Aim of the exercise
Your copy of the entries below should hold exactly the lines from the one containing "Giorgio Armani Si" to the one containing "Tapete Em Vinil", inclusive, and no pictures.

Input
..............................

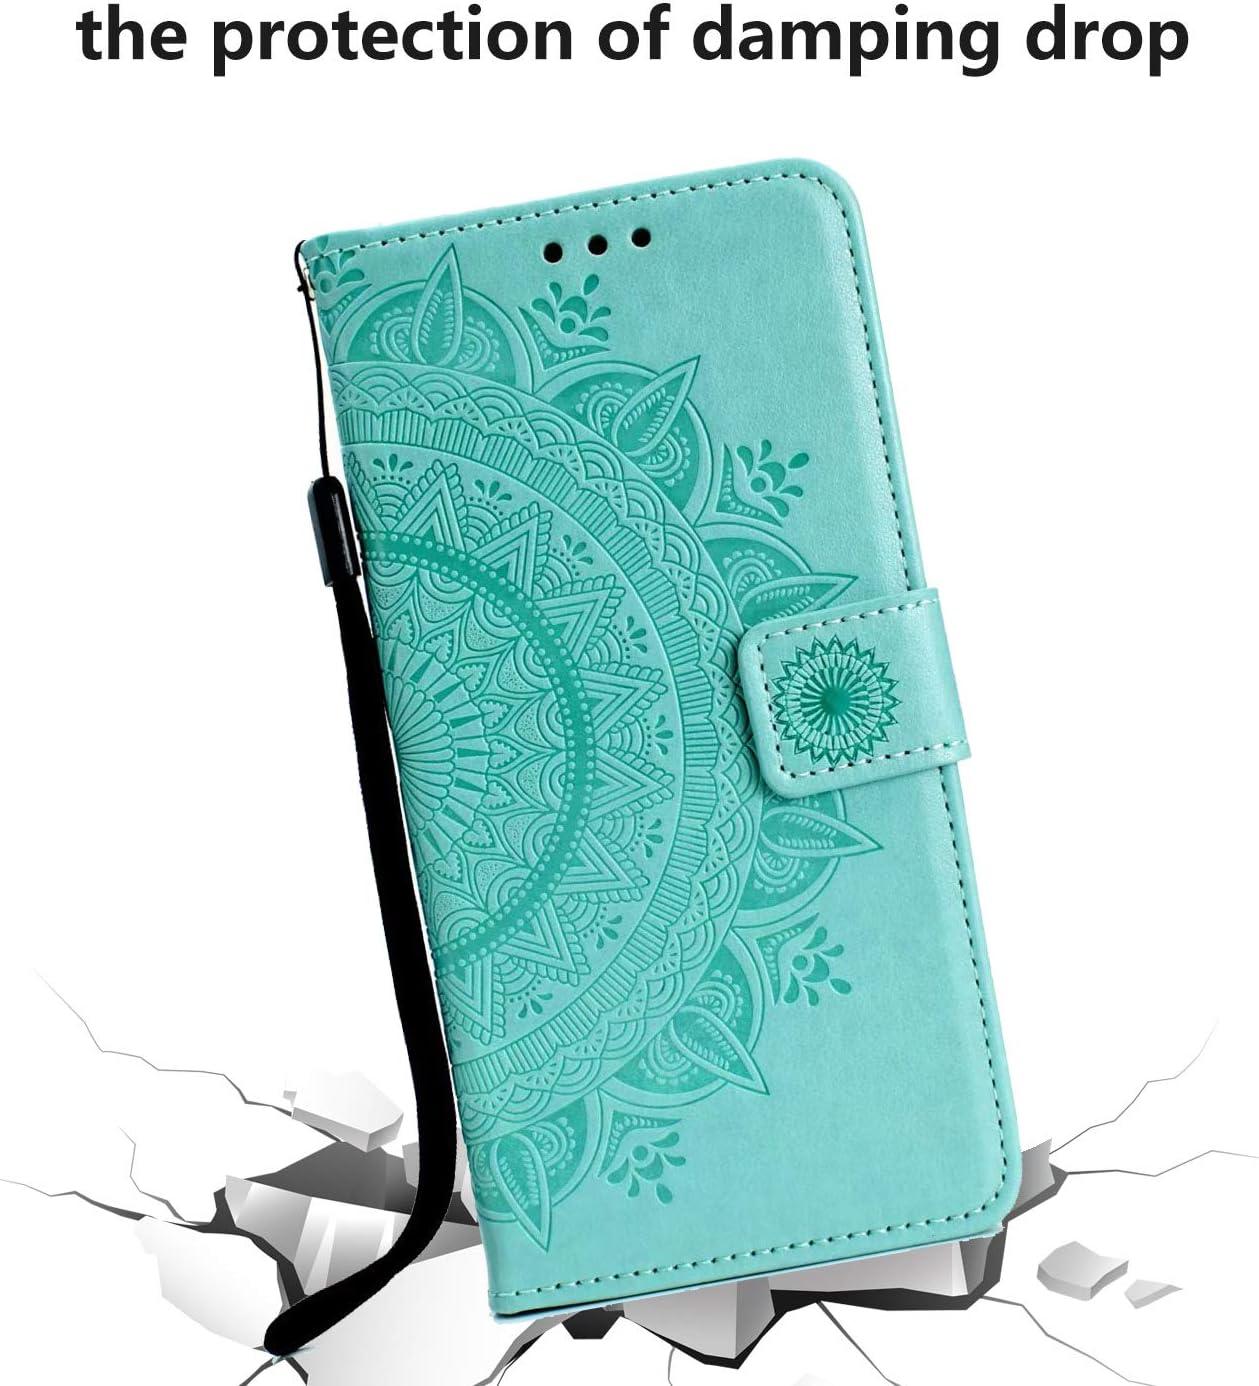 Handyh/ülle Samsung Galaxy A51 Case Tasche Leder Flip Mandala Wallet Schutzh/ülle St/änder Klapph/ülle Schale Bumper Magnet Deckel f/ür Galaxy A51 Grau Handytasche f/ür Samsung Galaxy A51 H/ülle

..............................

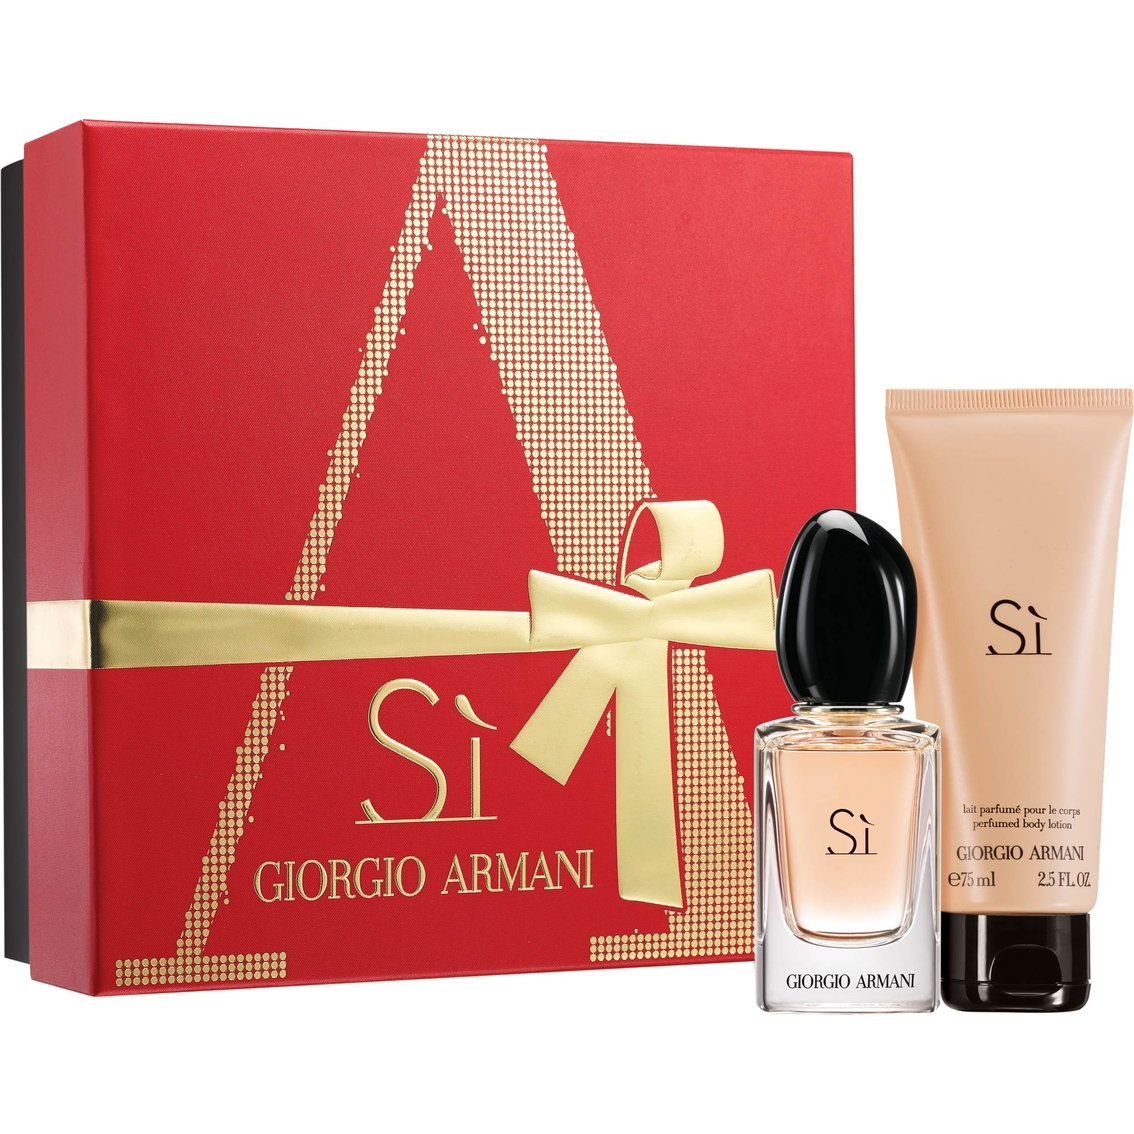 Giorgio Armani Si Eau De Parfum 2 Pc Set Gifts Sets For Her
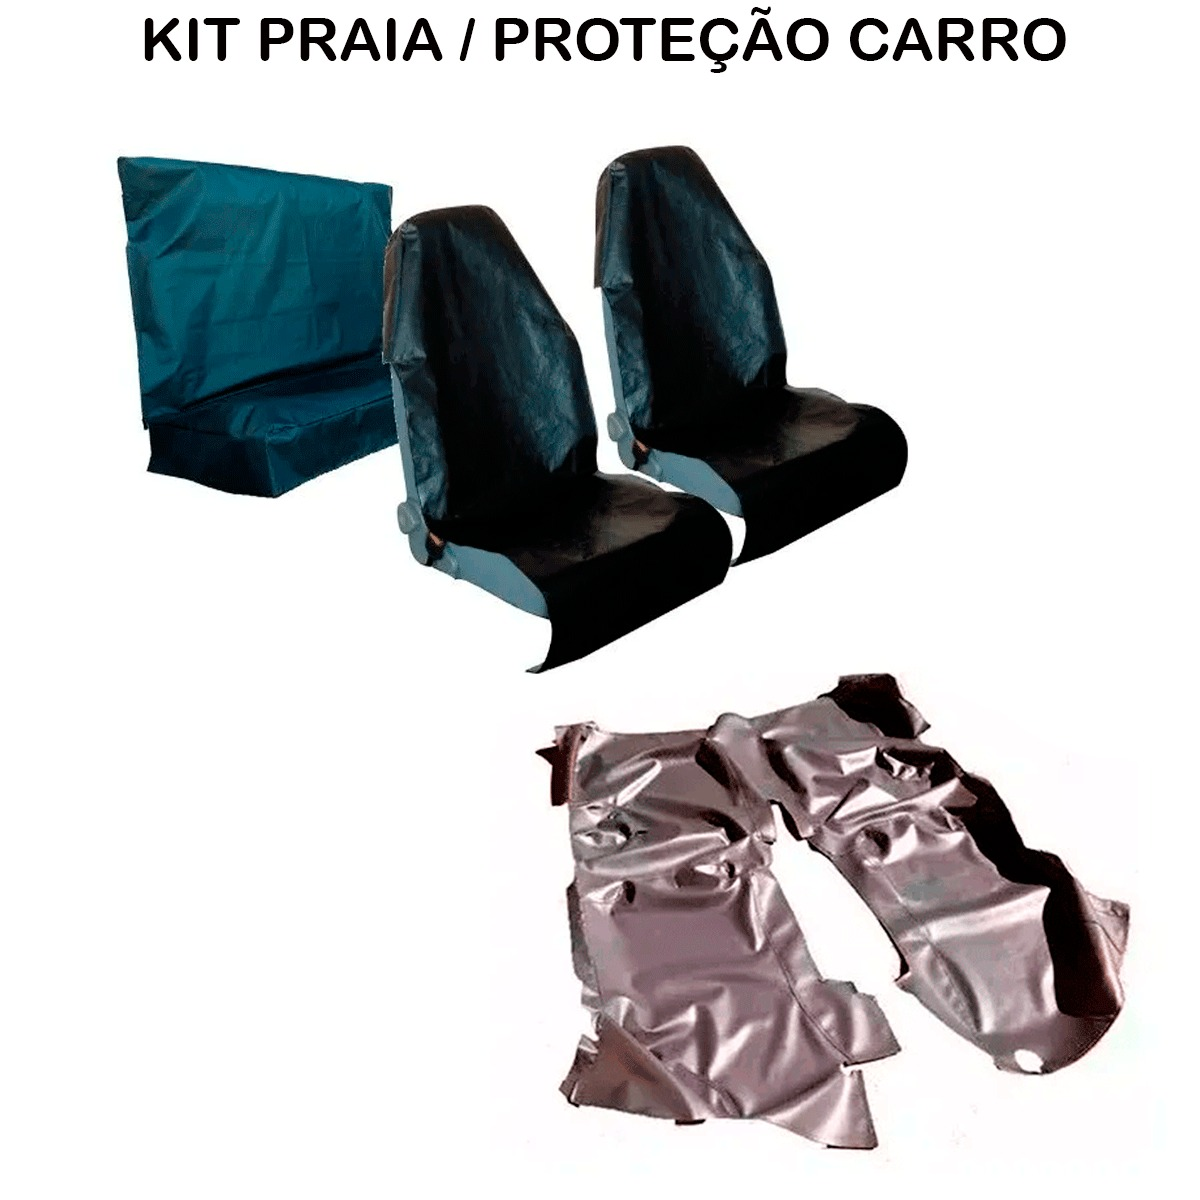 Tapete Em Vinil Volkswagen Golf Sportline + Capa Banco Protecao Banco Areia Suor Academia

..............................

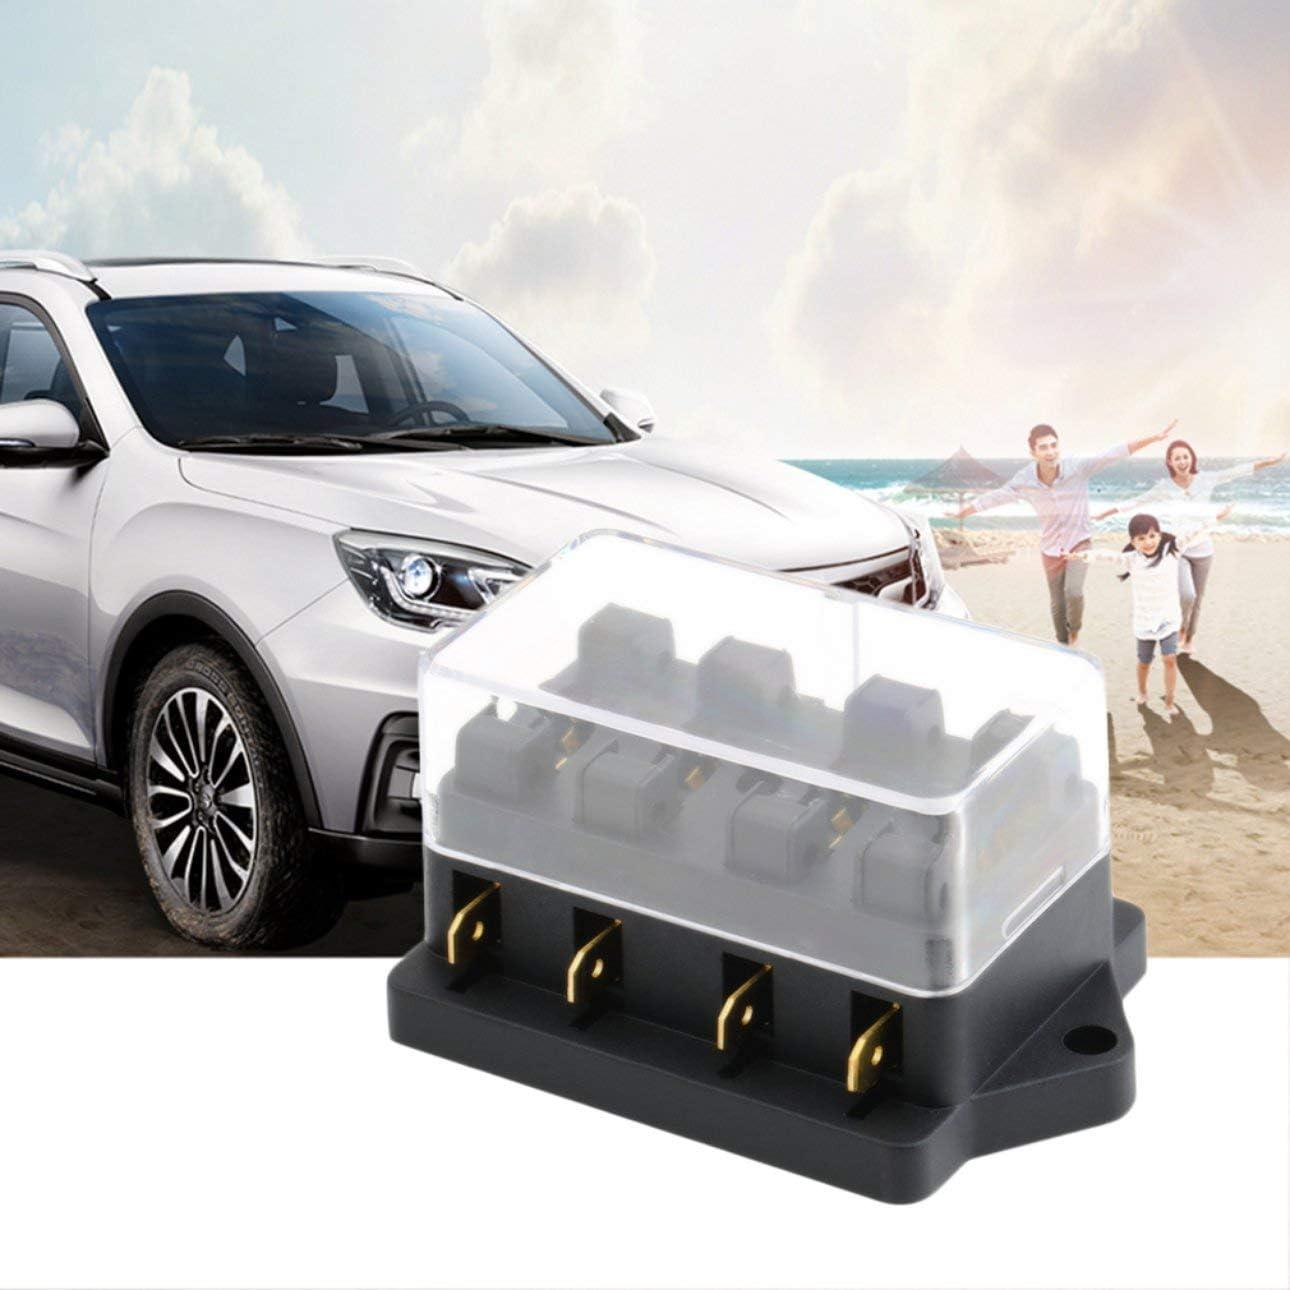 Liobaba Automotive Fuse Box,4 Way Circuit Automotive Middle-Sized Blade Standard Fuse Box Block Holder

..............................

Written response
 Giorgio Armani Si Eau De Parfum 2 Pc Set Gifts Sets For Her
 Tapete Em Vinil Volkswagen Golf Sportline + Capa Banco Protecao Banco Areia Suor Academia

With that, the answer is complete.